In reality, however, it is a beginner-friendly martial art as it revolves around 5 different punches and the same number of kicks. 

Women love it since you don’t have to be a gifted athlete to learn how to perform the right way.

The first few months will likely be physically and mentally hard, but it becomes much easier as you get stronger. 

Women who stay committed to classes may expect to develop proper self-defense skills in around a year of training and get in top shape in about 6 months. 

Sparring teaches you to read the attackers’ reactions, recognize attacking patterns, and respond devastatingly. 
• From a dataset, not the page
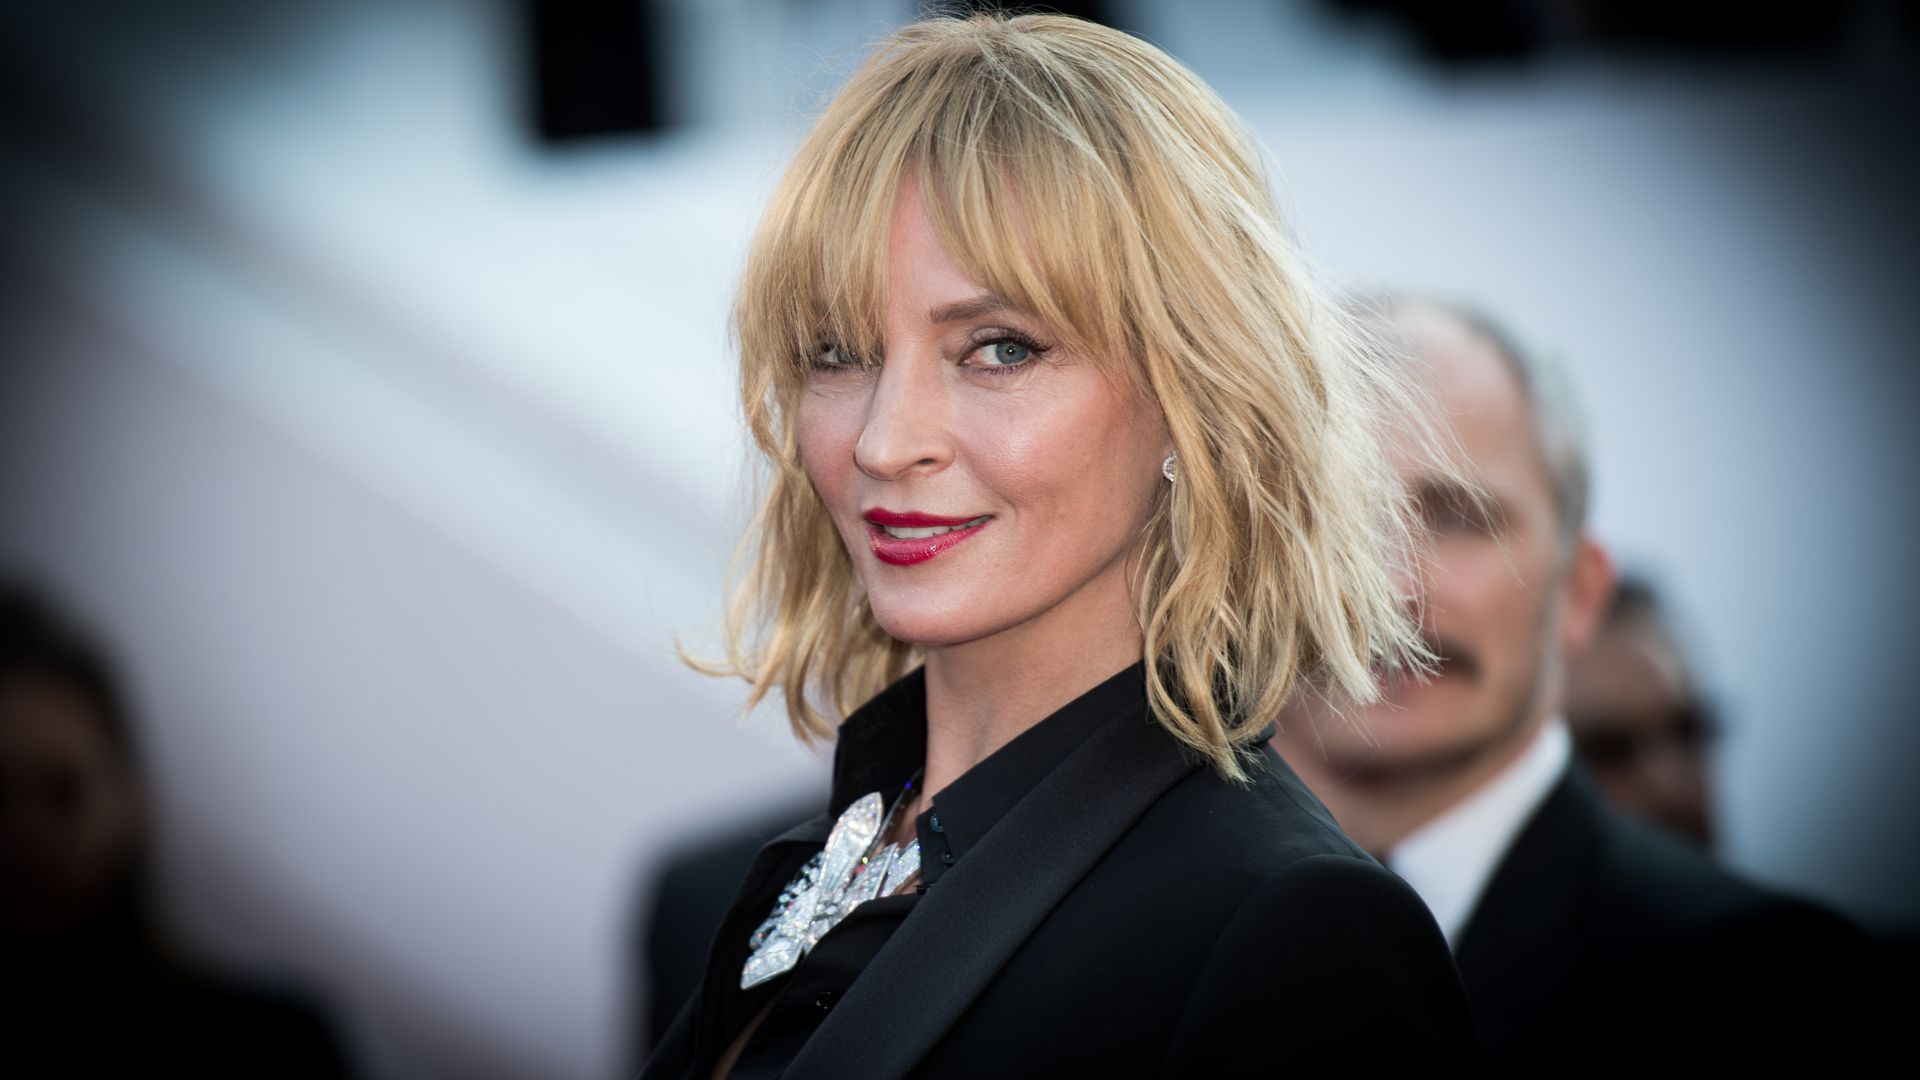 Uma Thurman attends the "Based On A True Story" screening during the 70th annual Cannes Film Festival at Palais des Festivals on May 27, 2017 in Cannes, France.

It doesn’t matter how small you are. Kickboxing teaches you to generate massive power through the hip and upper body rotation.

A single well-placed kick to the rib cage or punch to the face can instantly back off an attacker.
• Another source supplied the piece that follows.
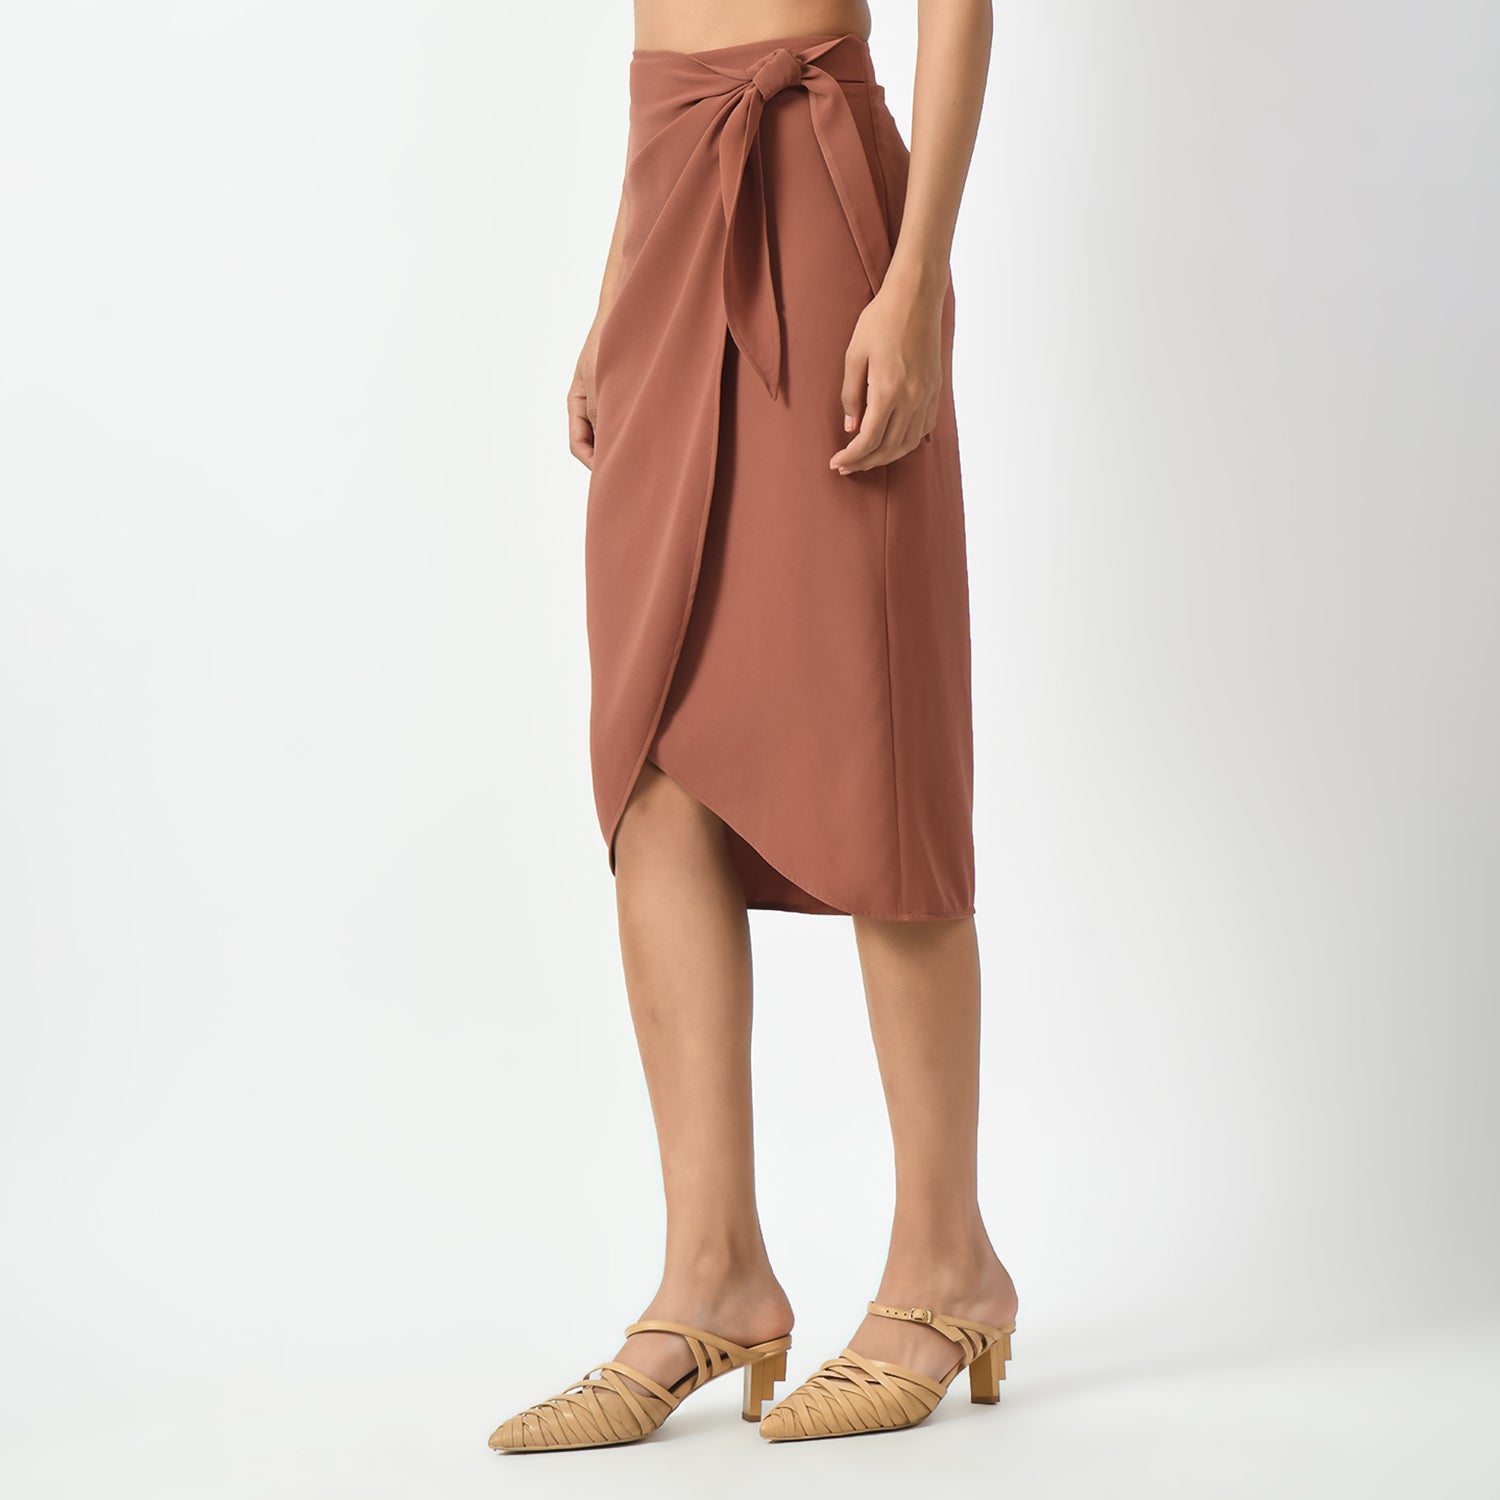 Peach Overlap Skirt With Tie Knot

Also, sparring conditions your body to absorb clean strikes and damage, which keeps your mind from going into panic or “freeze” mode when you get hit by an attacker on the streets.
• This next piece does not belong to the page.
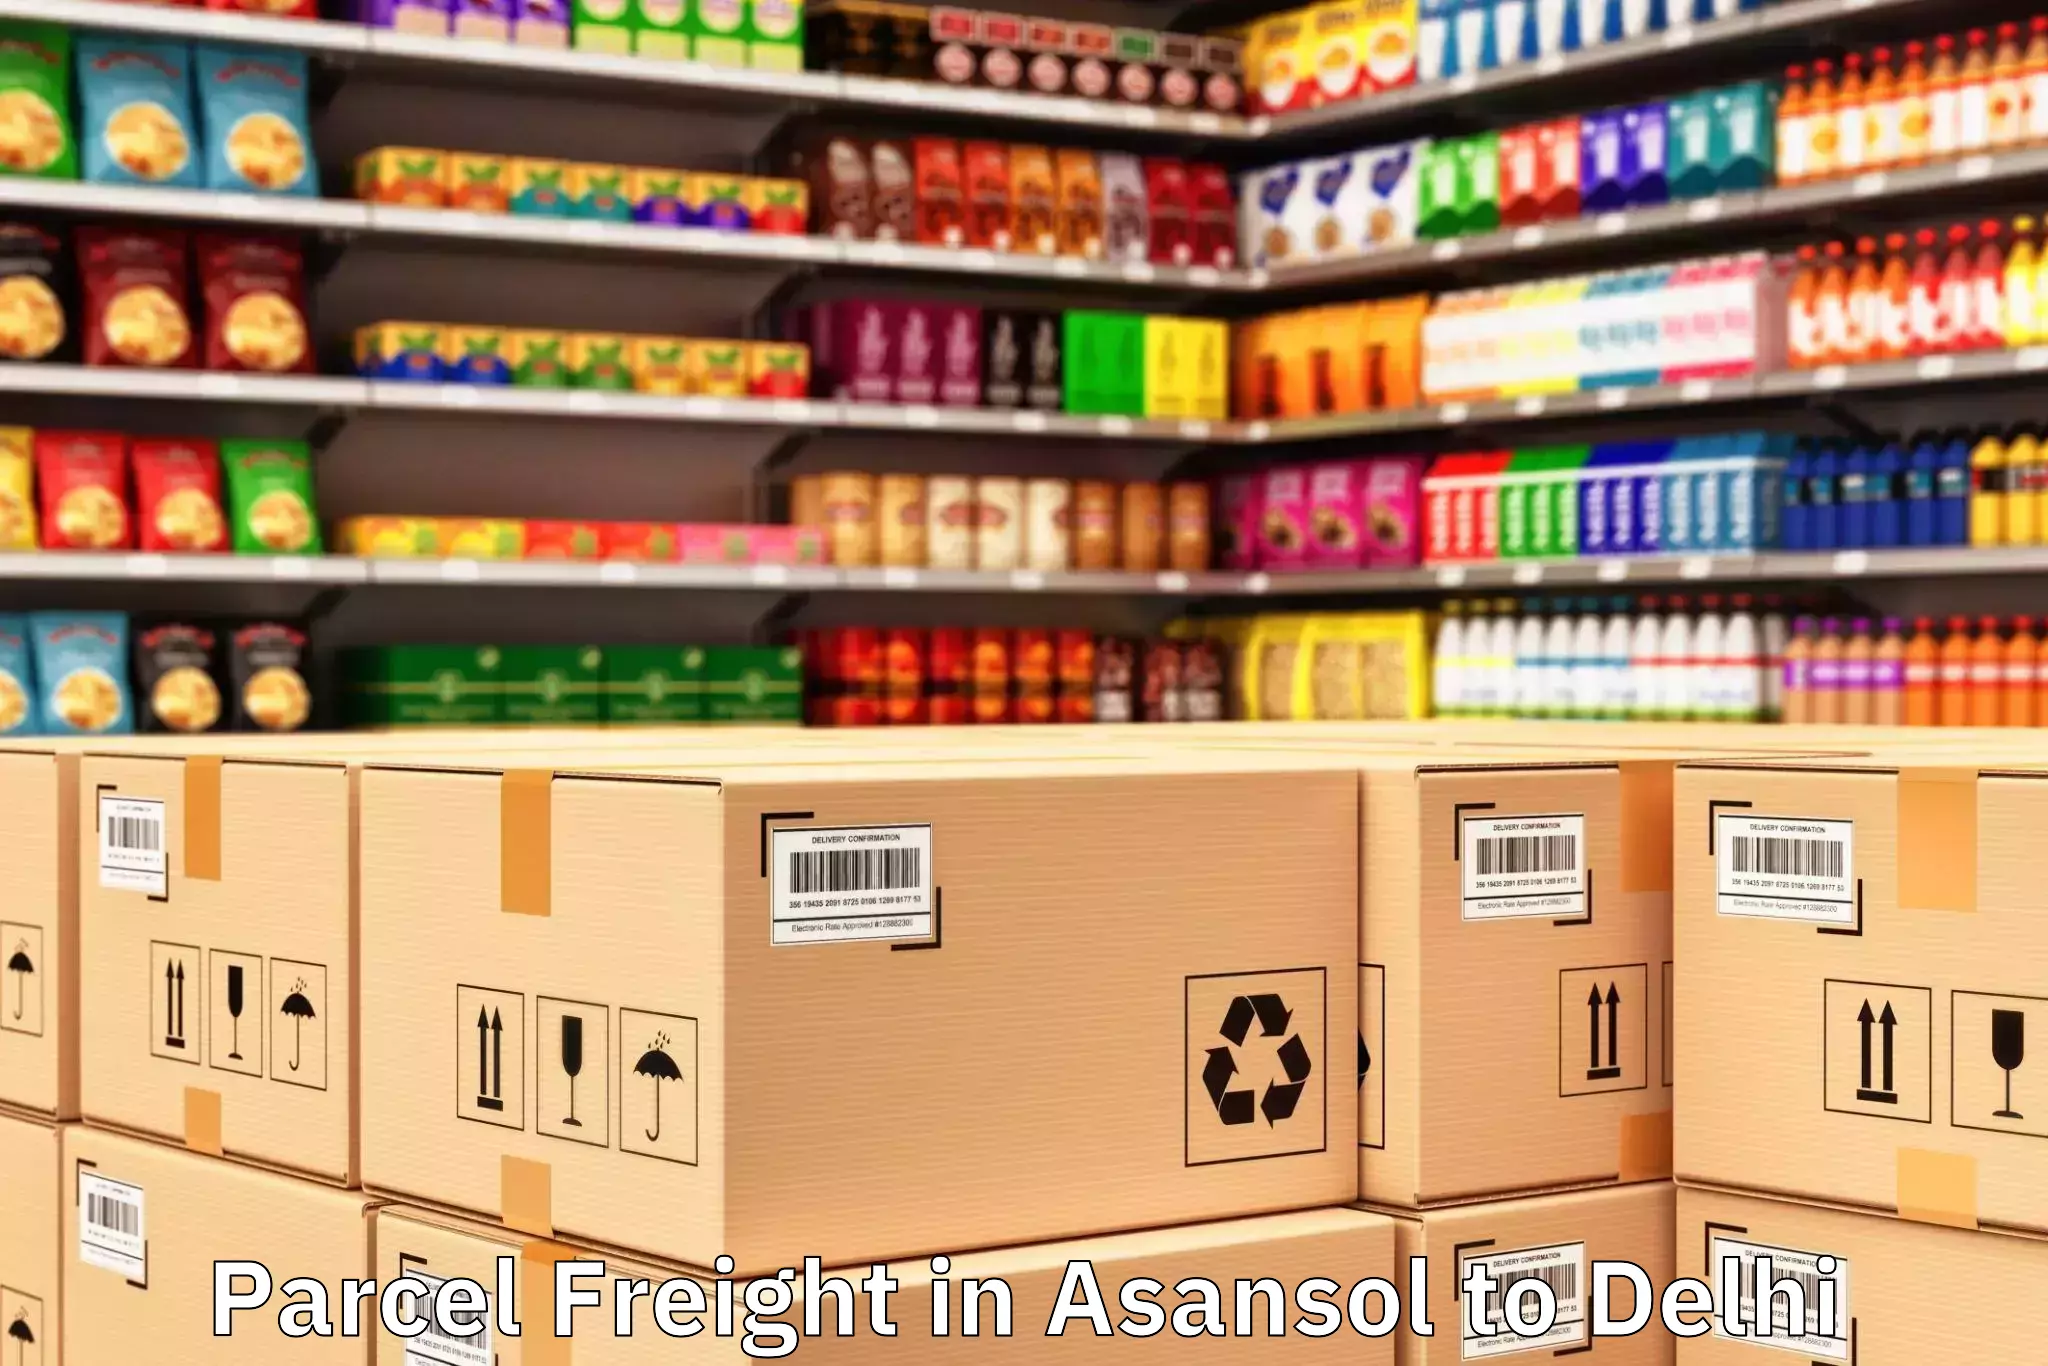 Professional Asansol to Indian Institute Of Technology Delhi New Delhi Parcel Freight

You will become a real fighter, with real fighting skills ready to be applied in any self-defense situation you find yourself in.

Muay Thai

Muay Thai is also known as the “art of eight limbs” as it teaches a person how to punch, kick, and utilize elbows and knees at close range and the basics of grappling. 

Training is hard on your body and includes a lot of grueling cardio workouts, bodyweight exercises, and hard sparring.

Though intense, this type of workout has many benefits. It burns a lot of calories, improves upper and lower body strength, and teaches you how to defend yourself utilizing a very aggressive approach.

What makes Thai boxing so practical for women’s self-defense is the clinch. 

Most physical confrontations include grabbing and pulling at close range, and this is where you will feel like a fish in the water. 

Muay Thai teaches you how to break holds, blast the attacker with vicious elbow and knee strikes, and above all, unleash your violent instincts and never stop fighting until the attacker either backs off or crumbles down to the ground in pain.

The only major downside of Muay Thai is the intensity. The rate of injuries is high, and training can sometimes get painful. 


Boxing gyms worldwide are seeing more and more women joining the classes, and for the right reason. 

Training is simple, burns a lot of calories, improves strength, and above all, teaches you how to fight. All that a woman could ask for from martial arts.

What makes boxing effective is its simple concept and methods of teaching. You won’t get overwhelmed by the number of techniques or anxious because you are not fit enough to execute certain moves.

No, boxing revolves around 5 different punches, footwork, and upper body movement, and anyone can learn it. 

It works well in any fighting situation despite relying only on hand strikes. 

Even if you get attacked by a physically stronger and bigger male, a proper punch to the face can easily break their jaw, nose, or tooth, giving you time to run away. 

Here, smaller women can also compensate for the lack in size with fast footwork and precise striking.

The other good thing is the surprise factor. Few expect a woman to dodge a strike using head movement, angle out, and blast them with a perfectly placed punching combo.

Brazilian Jiu-Jitsu

Brazilian jiu-jitsu is widely regarded as the best self-defense martial art for women due to its safety and effectiveness. 

BJJ is a grappling-based martial art that doesn’t include any striking. And since punches and kicks cause the most damage, the injury rate is low in BJJ training.

Next, BJJ is an advanced grappling system and very hard to defend against. It is ideal for women as it enables them to beat the physically bigger attacker in a grappling exchange. 

For instance, when a woman gets attacked by men, they usually end up in the bottom position on the ground, which puts the attacker into a dominant position from which they can do whatever they want to.

But BJJ teaches you how to break the hold, attack using different chokes and joint locks, or escape and even reverse the position. 

The focus is on technique, leverage, and balances, and most people, no matter how strong they are, are unfamiliar with defensive procedures. 

Above all, training in BJJ is fun and will change you as a person. Each gym embraces a positive atmosphere and respectful behavior and encourages personal growth.